Another biodegradation study for 28-days Manometric respirometry test following the OECD guideline 301F was conducted for determining the ready biodegradability of the read across chemical Benzyl butyrate (CAS No. 103-37-7) [UERLStudy Report, Sustainability Support Services (Europe) AB (Report no.103-37-7/01/2015/RBD), 2015]. % Degradation was calculated using the values of BOD and ThOD for test item and reference item. The BOD₂₈value of Benzyl butyrate (CAS No. 103-37-7) was observed to be 1.967 mgO₂/mg. ThOD was calculated as 2.424 mgO₂/mg. Accordingly, the % degradation of the read across item after 28 days of incubation at 20 ± 1°C according to manometric respirometry test was determined to be 81.15%. Based on the results, chemical Benzyl butyrate, under the test conditions, was considered to be readily-Biodegradable at 20 ± 1°C over a period of 28 days.

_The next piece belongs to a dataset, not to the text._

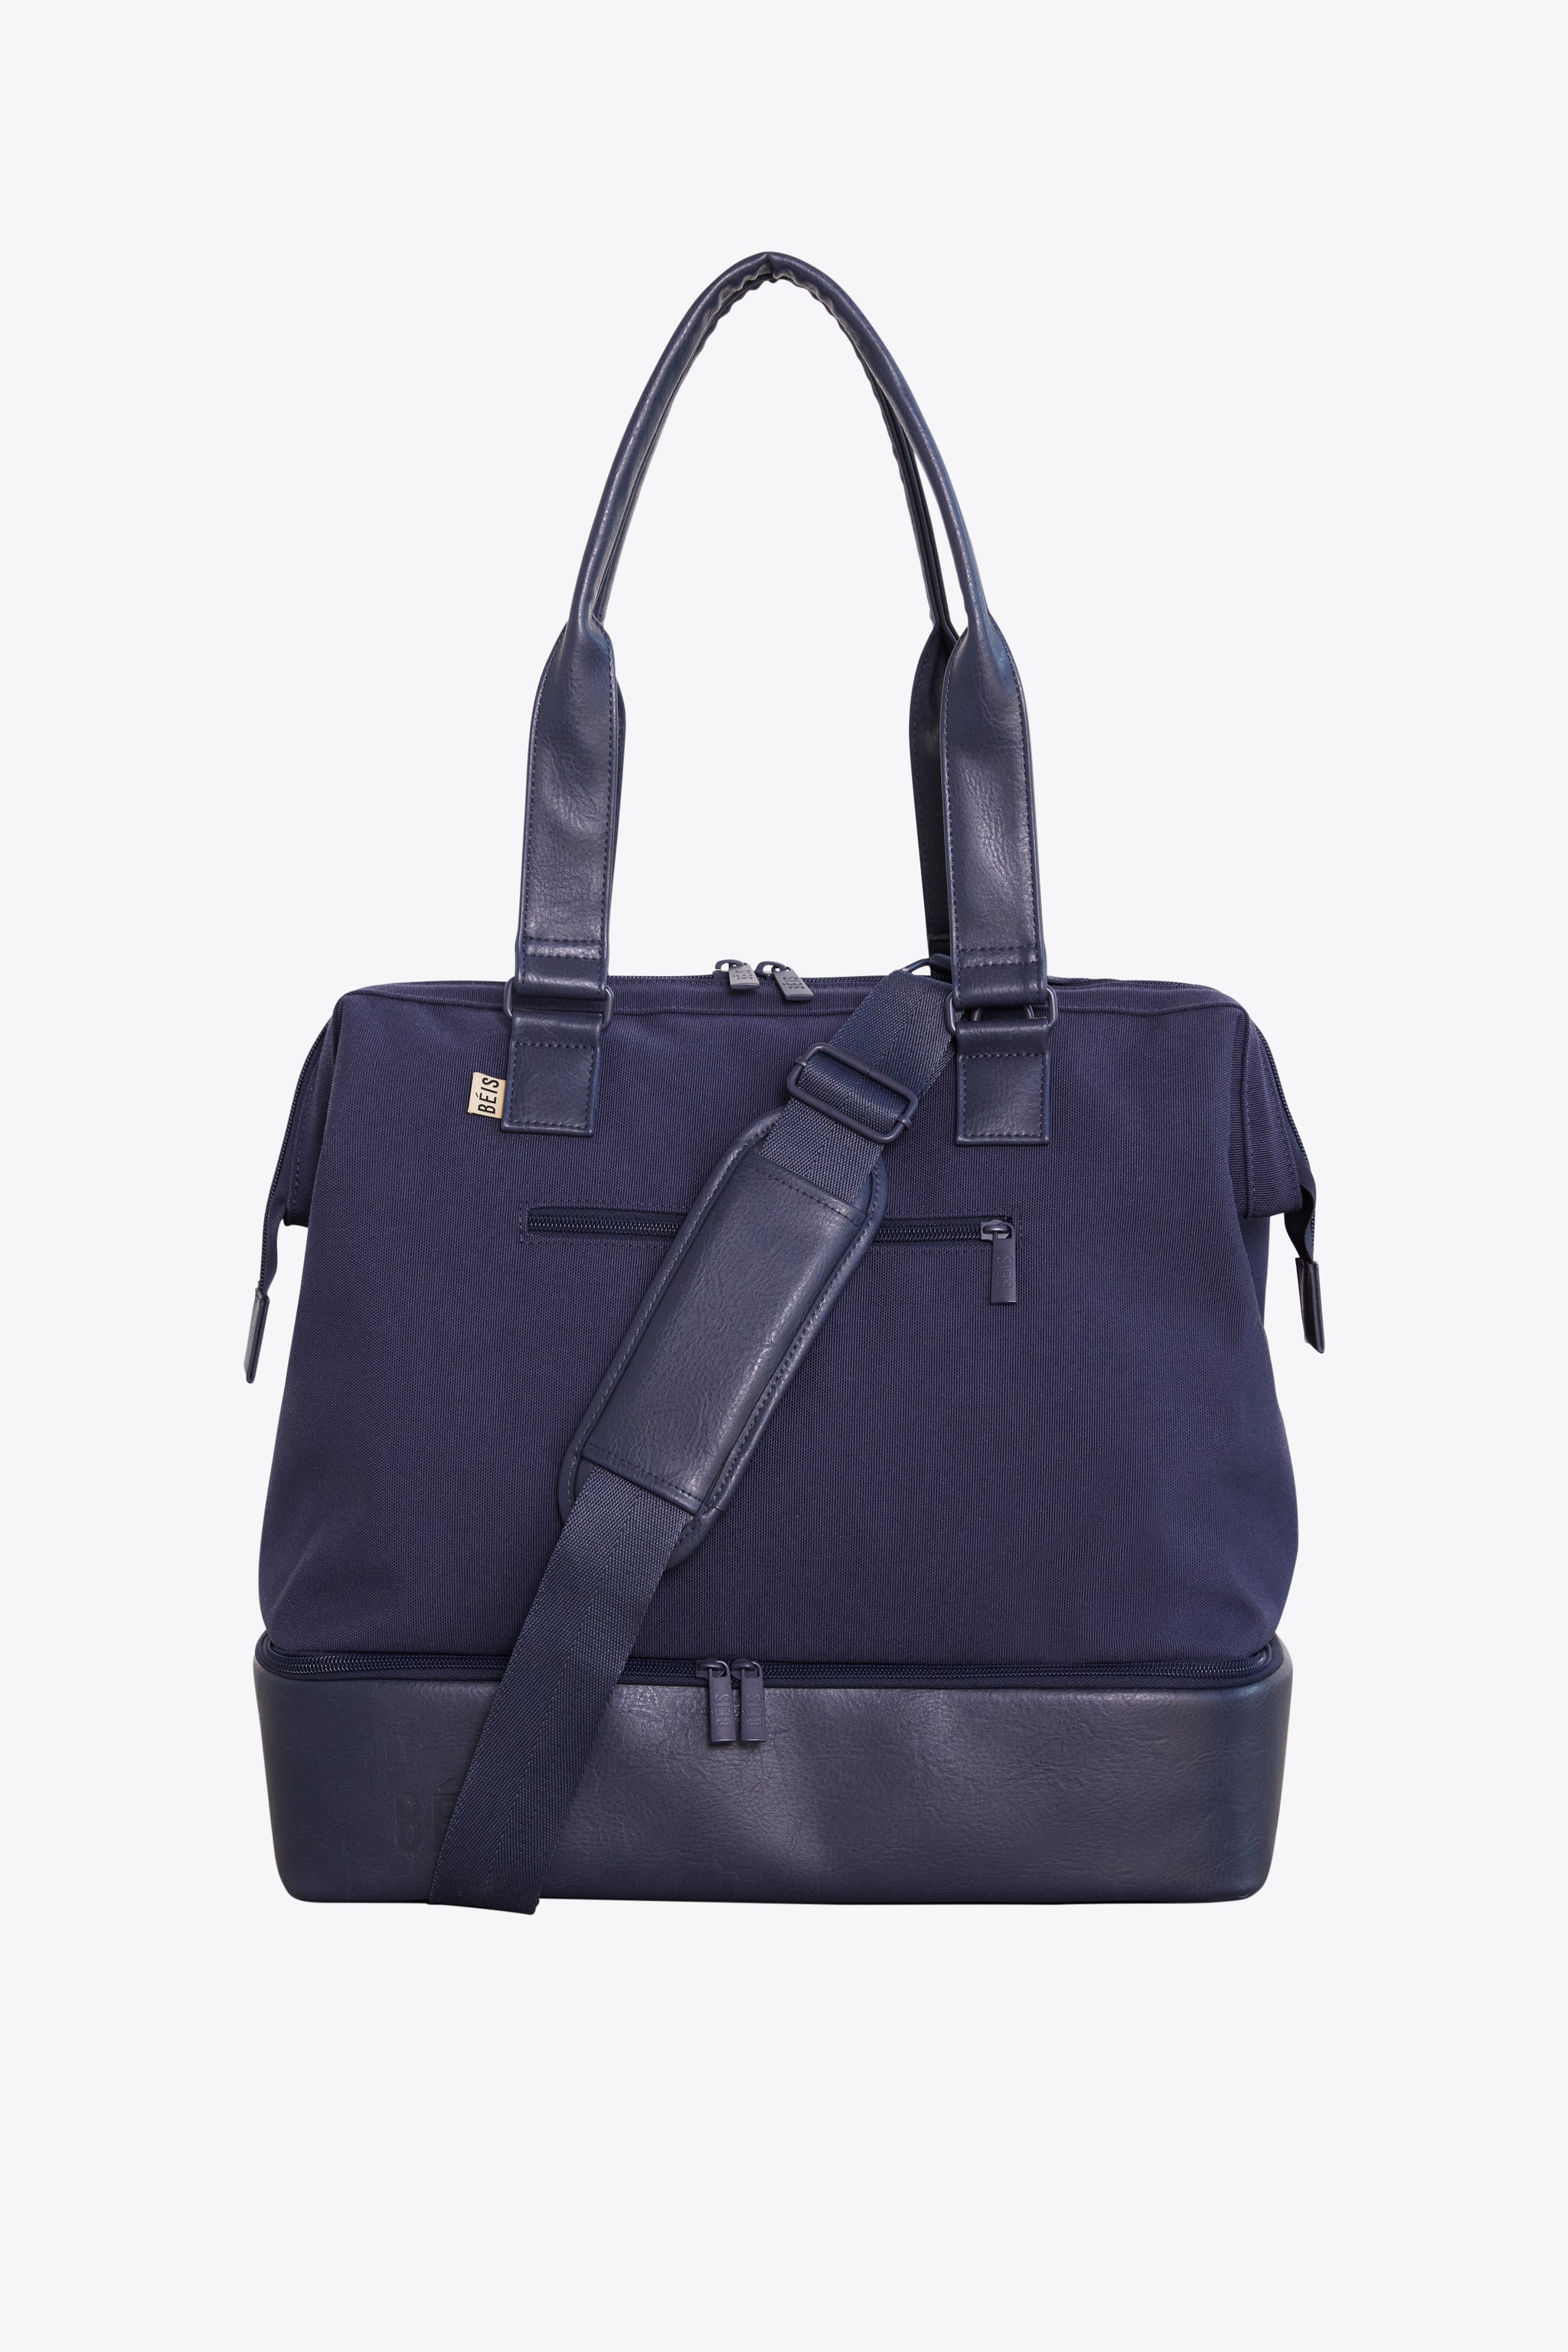 BÉIS 'The Mini Weekender' in Navy - Mini Blue Weekender Bag & Small ...

In a supporting study from authoritative database (J-CHECK, HSDB, 2017 and Envichem, 2014) for the read across chemical 2-phenylethan-1-ol (CAS no. 60-12-8), biodegradation experiment was conducted for 14 days for evaluating the percentage biodegradability of read across substance 2-phenylethan-1-ol.The study was performed according to OECD Guideline 301 C (Ready Biodegradability: Modified MITI Test (I)). Concentration of inoculum i.e, sludge used was 30 mg/l and initial test substance conc. used in the study was 100 mg/l, respectively. The percentage degradation of substance 2-phenylethan-1-ol was determined to be 87, 95 and 100% by BOD, TOC removal and GC parameter in 14 days. Thus, based on percentage degradation, 2-phenylethan-1-ol is considered to be readily biodegradable in nature.

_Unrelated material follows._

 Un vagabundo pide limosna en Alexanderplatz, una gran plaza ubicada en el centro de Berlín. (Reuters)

On the basis of above results for target chemical 2-phenylethyl propanoate (from peer reviewed journal and EPI suite, 2017) and for its read across substance (from study reports and authoritative database J-CHECK, HSDB, 2017 and Envichem, 2014), it can be concluded that the test substance 2-phenylethyl propanoate can be expected to be readily biodegradable in nature.